Abstract. The measurement validity of instruments like a questionnaire or a test is established by ascertain that it is measurement invariant across the items. For this purpose, it is standard procedure to assess the presence of differential item functioning (DIF), which evaluates measurement invariance on item level. When DIF detection is not based on manifest groups but on latent groups the problem is typically referred to as latent DIF detection, which will be the focus of this talk. To that end, I will present a flexible modeling framework that combines a general latent factor model with a latent class model to capture both normal response behavior under no DIF, and deviant behavior due to DIF. In the model, a sparse DIF effect parameter is introduced that is allowed to vary between the latent classes identified by the model.
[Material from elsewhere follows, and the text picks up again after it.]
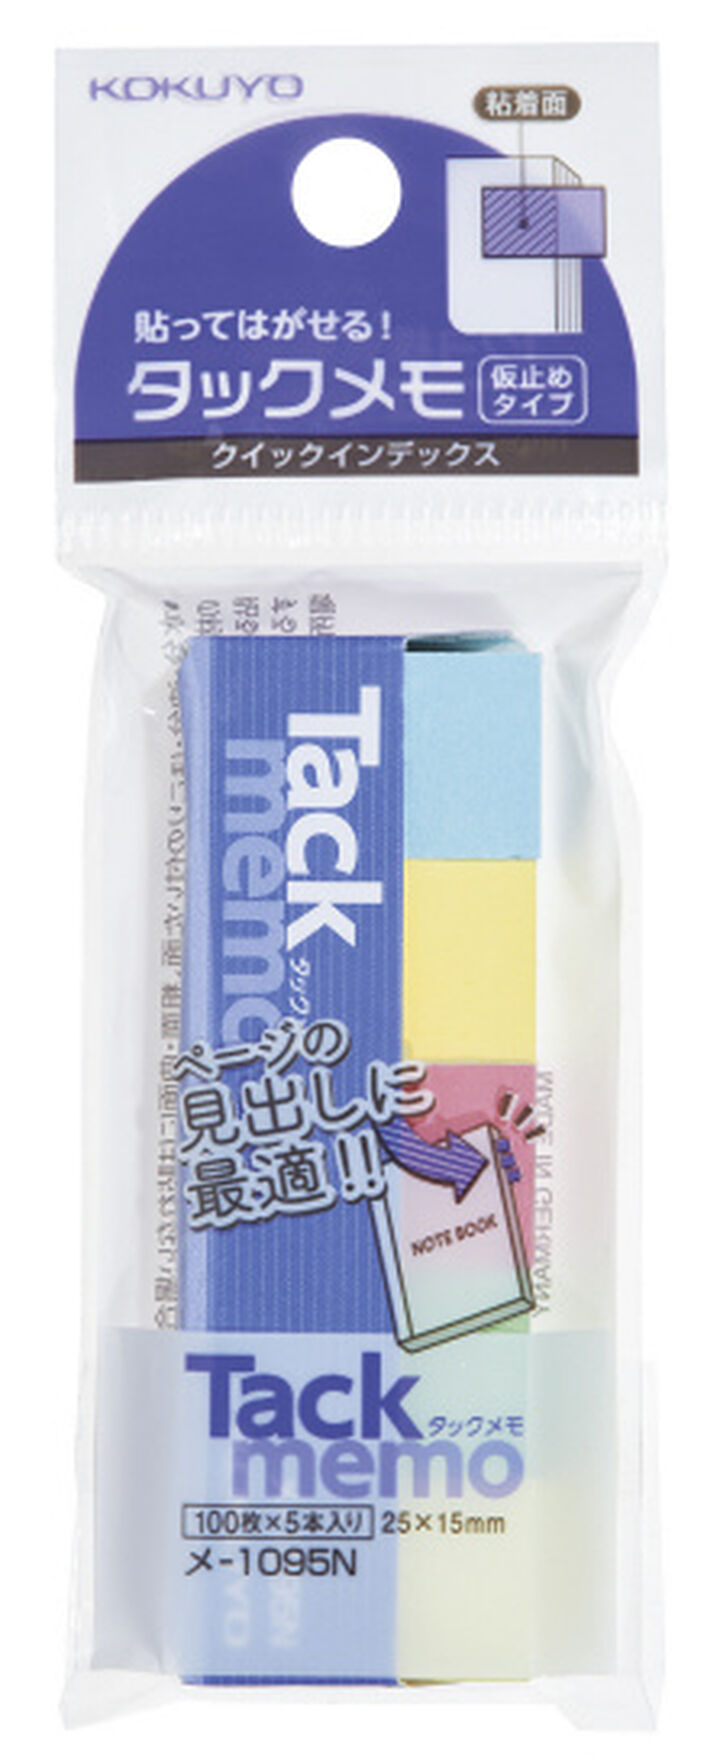 Tack Memo Quick Index Sticky Notes 1.5 cm x 2.5 cm,Mixed, medium

Each item response distribution is consequently modeled as a function of a latent variable measuring the underlying construct of the questionnaire or test, and of group membership. No prior knowledge of DIF-free items is required, instead, they are identified through an L_1 penalty on the DIF effect parameter in the marginal likelihood function. An EM algorithm for model estimation is proposed, where the maximization step is carried out using a quasi-Newton proximal algorithm. Results based on both simulated and empirical data together with theoretical results will be presented.

Gabriel Wallin
London School of Economics and Political Science

Gabriel Wallin is a Research Fellow at the Department of Statistics at London School of Economics and Political Science where he belongs to the Social Statistics research group. Previously, he was a postdoctoral researcher at the French national research institute Inria. He received his PhD in 2020 from the Department of Statistics at Umeå University, Sweden, under the supervision of Professor Marie Wiberg.

Research of Dr. Wallin is centered around fairness and interpretability of statistical models and machine learning algorithms for the social and behavioral sciences. So far, he has addressed these topics by developing new methodology for e.g. model-based clustering, multivariate outlier detection and exploratory factor analysis.